This function scrapes a web page for all links (<a> tags) and extracts both
the URLs and the link text.
Usage
scrape_link(url, sort_by = c("link", "link_text"))Value
A tibble with two columns: link_text containing the text of each
link, and link containing the absolute URL of each link.
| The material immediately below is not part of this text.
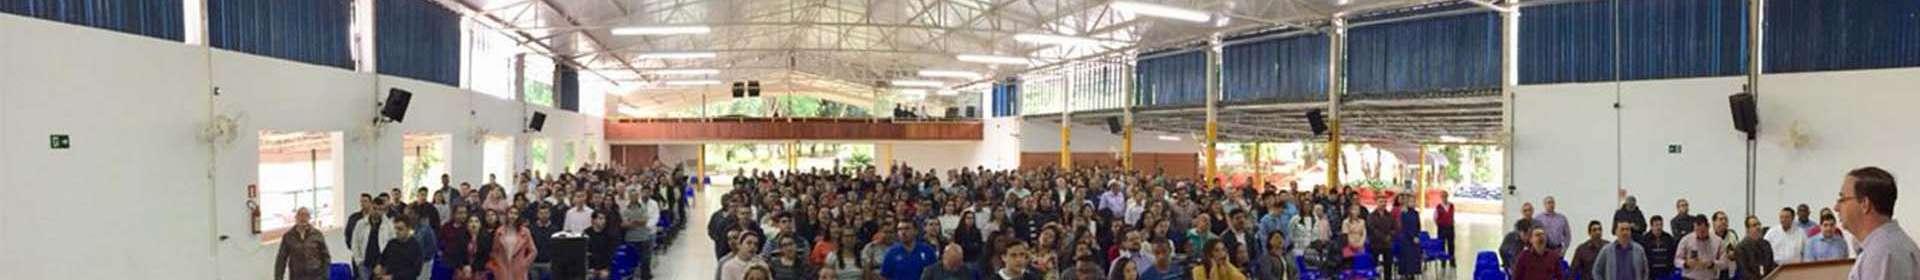 Região de Uberlândia participa de Seminário no Maanaim local

The tibble is
sorted by link and then by link text, and only unique links are included.
Examples
head(scrape_link(url = "https://github.com/tidyverse/dplyr"))
#> # A tibble: 6 × 2
#> link_text link
#> <chr> <chr>
#> 1 Archive Program https://archiveprogram.github.com
#> 2 Acero https://arrow.apache.org/docs/cpp/streaming_execution.html
#> 3 arrow https://arrow.apache.org/docs/r/
#> 4 dbplyr https://dbplyr.tidyverse.org/
#> 5 Documentation https://docs.github.com
#> 6 Docs https://docs.github.com/
head(
scrape_link(
url = "https://github.com/tidyverse/dplyr", sort_by = "link_text"))
#> # A tibble: 6 × 2
#> link_text link
#> <chr> <chr>
#> 1 + 266 contributors https://github.com/tidyverse/dplyr/graphs/contributors
#> 2 + 42 releases https://github.com/tidyverse/dplyr/releases
#> 3 .Rbuildignore https://github.com/tidyverse/dplyr/blob/main/.Rbuildignore
#> 4 .github https://github.com/tidyverse/dplyr/tree/main/.github
#> 5 .gitignore https://github.com/tidyverse/dplyr/blob/main/.gitignore
#> 6 .vscode https://github.com/tidyverse/dplyr/tree/main/.vscode
# This will give an "Invalid url" error
try(scrape_link(url = "https://github50.com"))
#> Error in scrape_link(url = "https://github50.com") :
#> Invalid url
#>
#> ----- Metadata -----
#>
#> url [url]: <character>
#> https://github50.com